Электрофильное присоединение в органической химии

Для реакций присоединения характерно образование одного химического соединения из двух или большего количества исходных продуктов. Рассматривать механизм электрофильного присоединения удобно на примере алкенов – непредельных ациклических углеводородов с одной двойной связью. Кроме них, в такие превращения вступают другие углеводороды с кратными связями, в том числе циклические.

Этапы взаимодействия исходных молекул

Электрофильное присоединение проходит в несколько этапов. Электрофил, имеющий положительный заряд, выступает в роли акцептора электронов, а двойная связь молекулы алкена – в роли донора электронов. Оба соединения вначале образуют нестабильный п-комплекс. Затем начинается превращение π-комплекса в ϭ-комплекс. Образование карбокатиона на этом этапе и его устойчивость определяют скорость взаимодействия в целом. После этого карбокатион быстро взаимодействует с частично отрицательно заряженным нуклеофилом, и образуется конечный продукт превращения.

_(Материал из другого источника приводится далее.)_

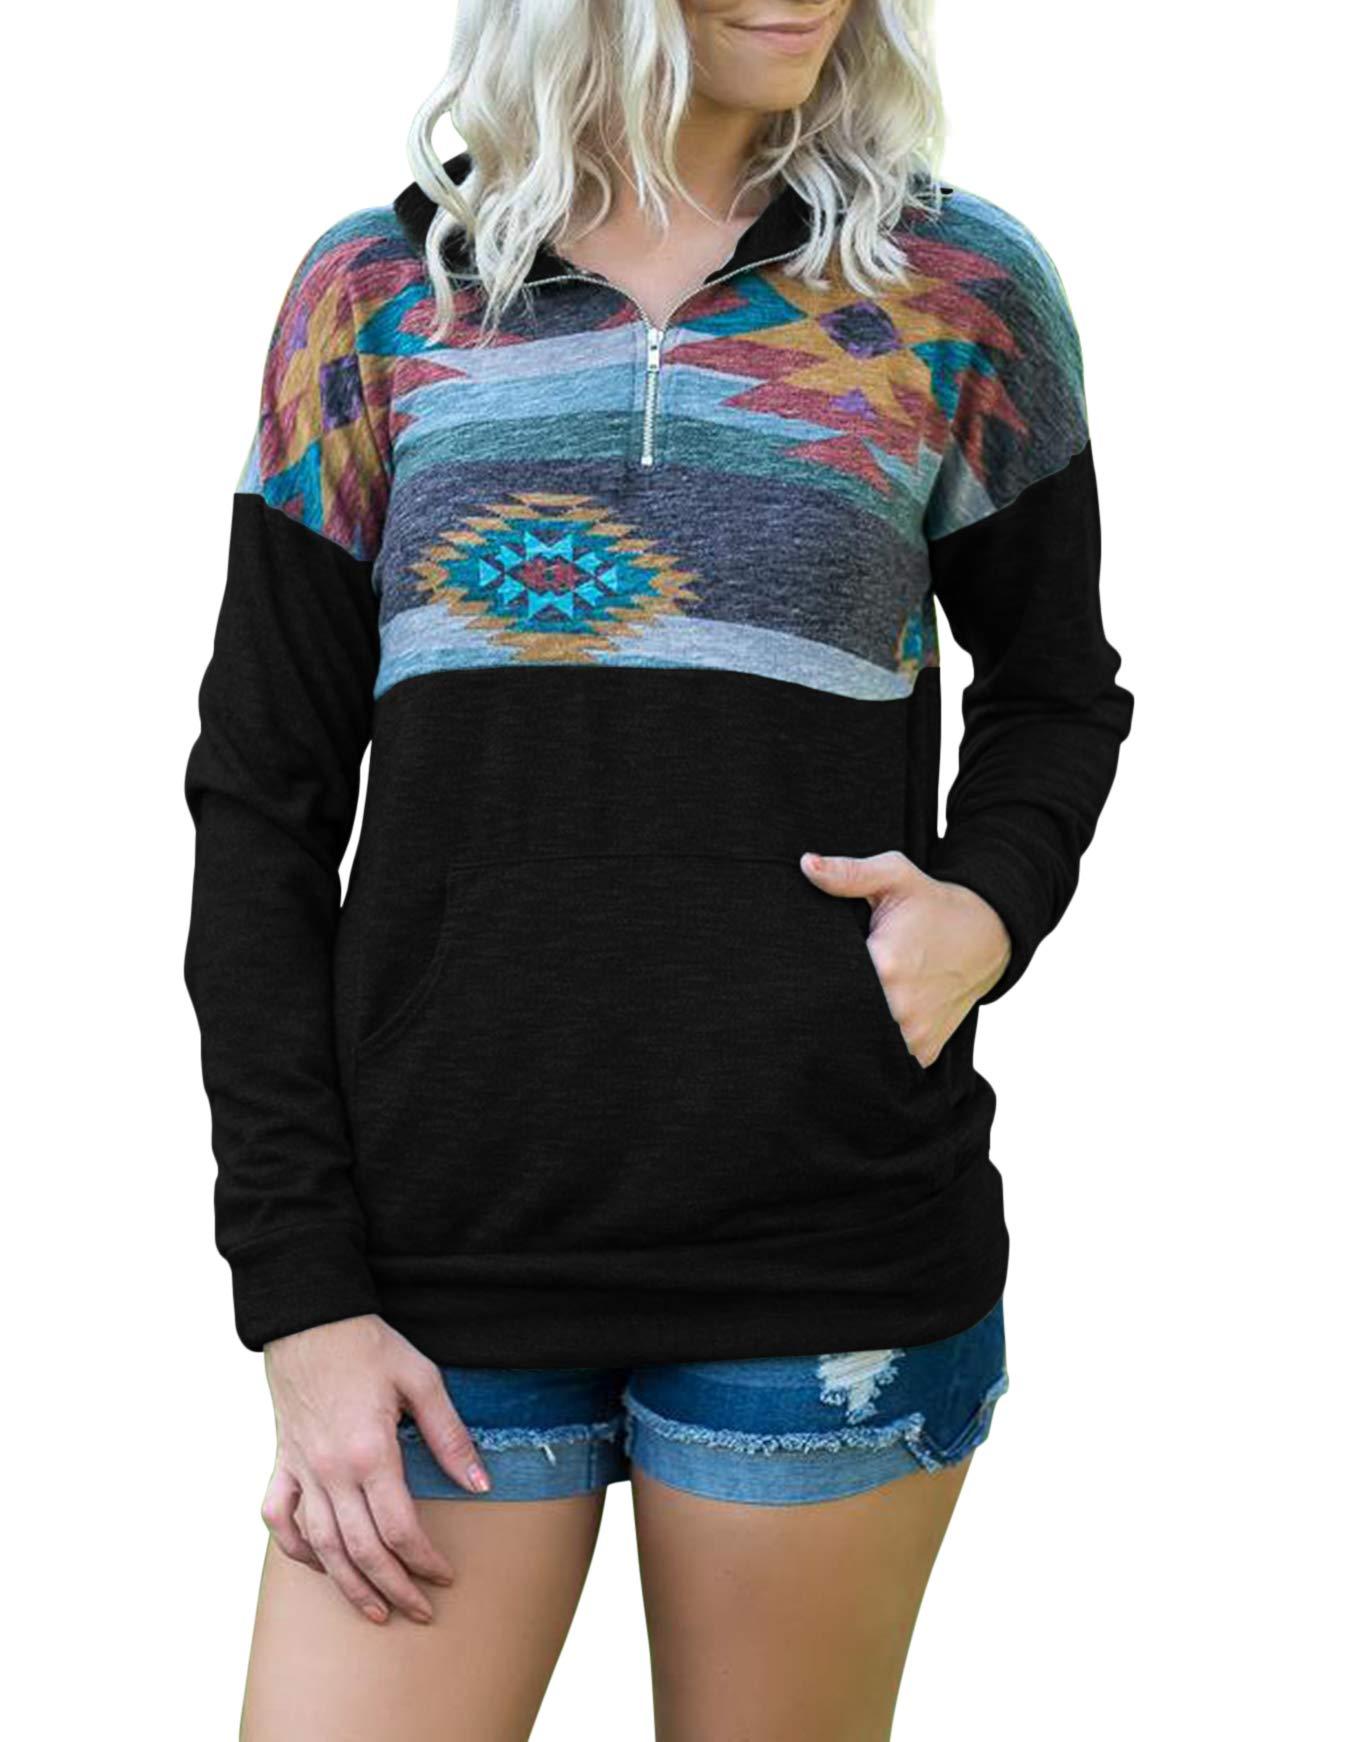 TECREW Women's 1/4 Zip Floral Printed Long Sleeve Pullover Sweatshirt Jacket Tops with Pocket
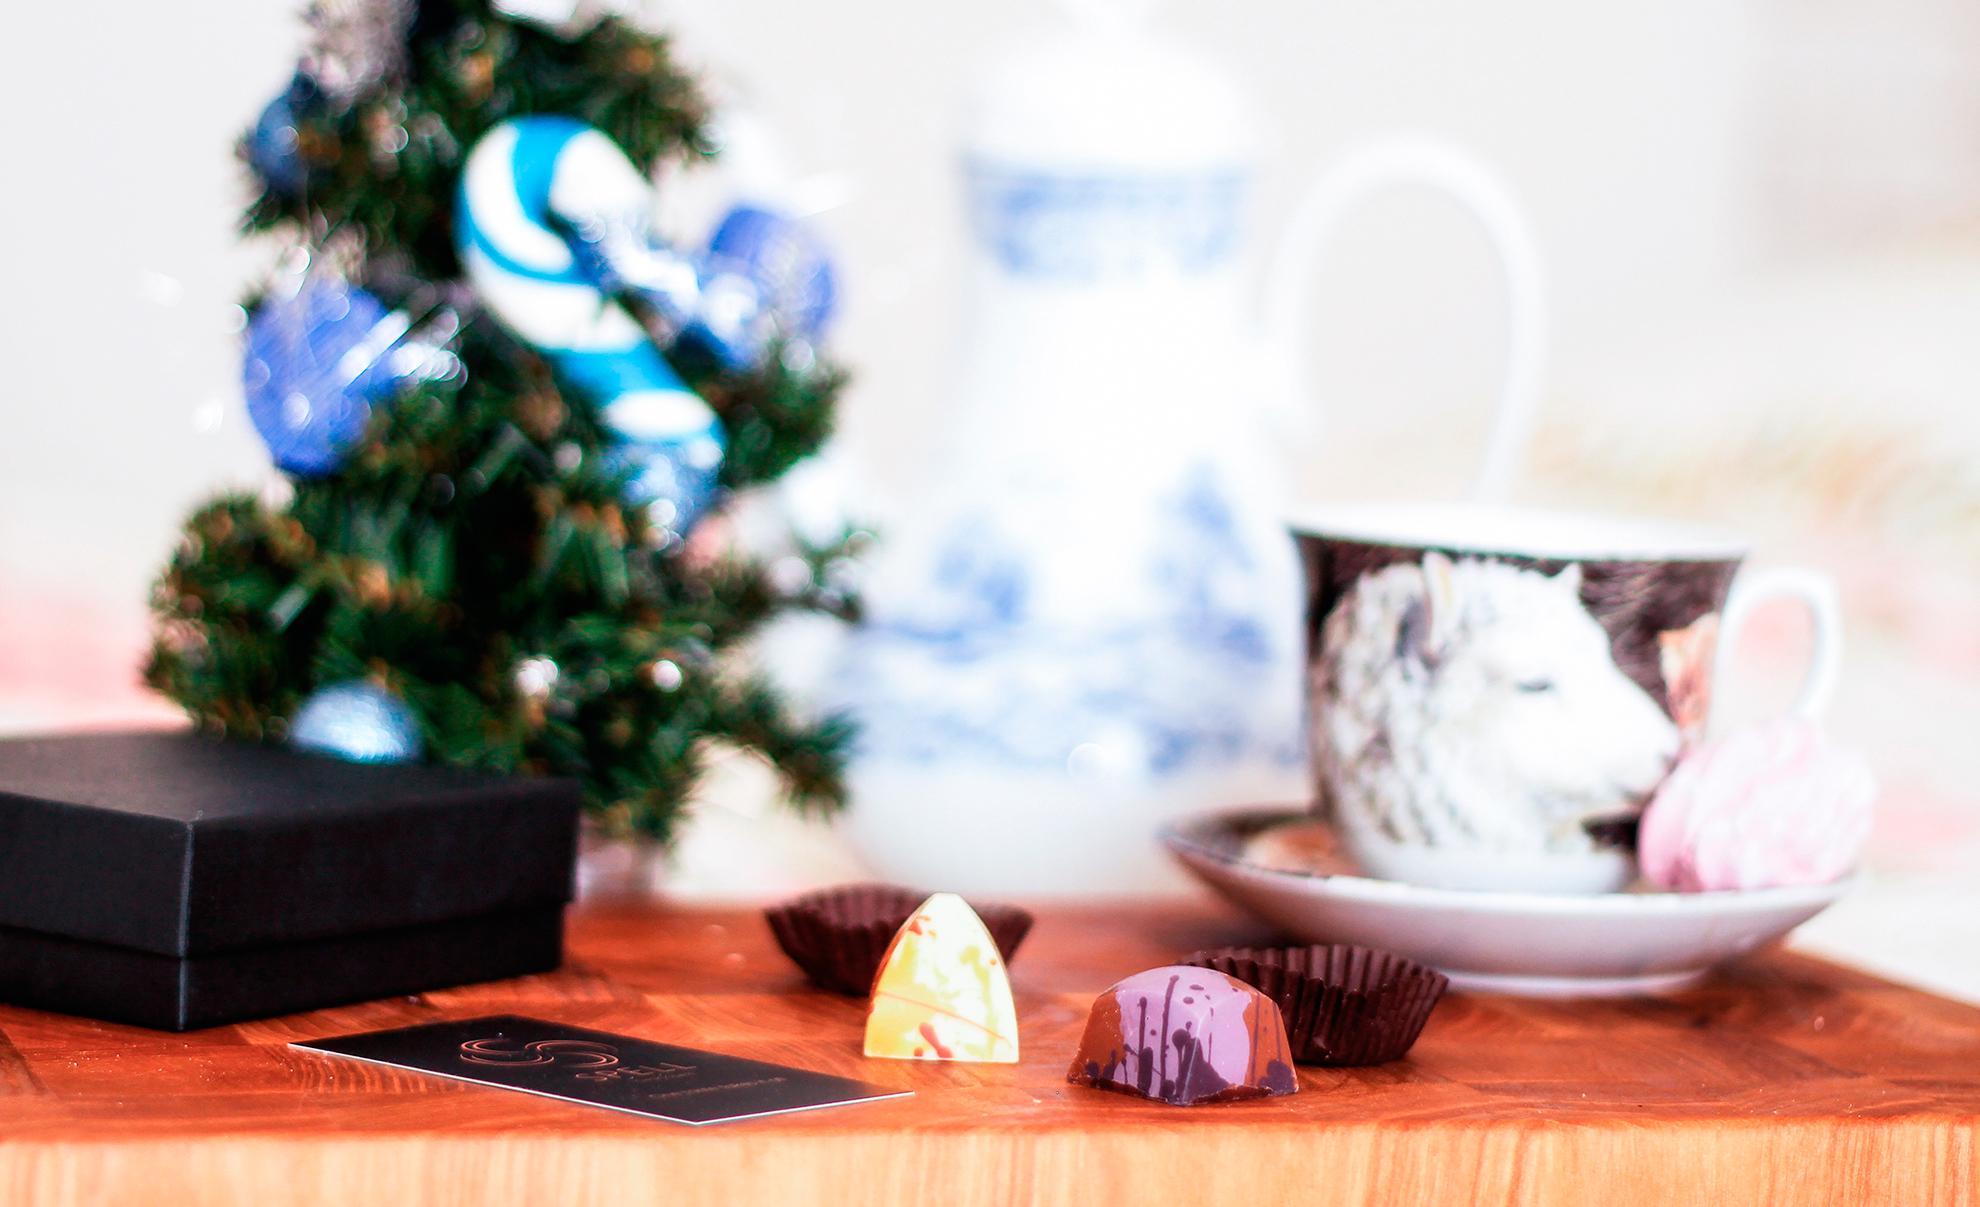 шоколадные конфеты spell

Влияние заместителей на скорость реакции

Делокализация заряда (ϭ+) в карбокатионе зависит от строения исходной молекулы. Положительный индуктивный эффект, который проявляет алкильная группа, приводит к понижению заряда соседнего углеродного атома. В результате этого в молекуле с электронодонорным заместителем повышается относительная стабильность катиона, электронная плотность π-связи и реакционная способность молекулы в целом. Влияние электроноакцепторов на реакционную способность будет противоположным.

Механизм присоединения галогенов

Разберем более подробно механизм реакции электрофильного присоединения на примере взаимодействия алкена и галогена.

1. Молекула галогена сближается с двойной связью между углеродными атомами и поляризуется. За счет частично положительного заряда на одном из концов молекулы галоген оттягивает на себя электроны π-связи. Так происходит формирование неустойчивого π-комплекса.
2. На следующем этапе электрофильная частица соединяется с двумя атомами углерода, образуя цикл. Появляется циклический «ониевый» ион.
3. Оставшаяся заряженная частица галогена (положительно заряженный нуклеофил) взаимодействует с ониевым ионом и присоединяется с противоположной стороны от предыдущей частицы галогена. Появляется конечный продукт - транс-1,2-дигалогеналкан. Аналогично происходит присоединение галогена к циклоалкену.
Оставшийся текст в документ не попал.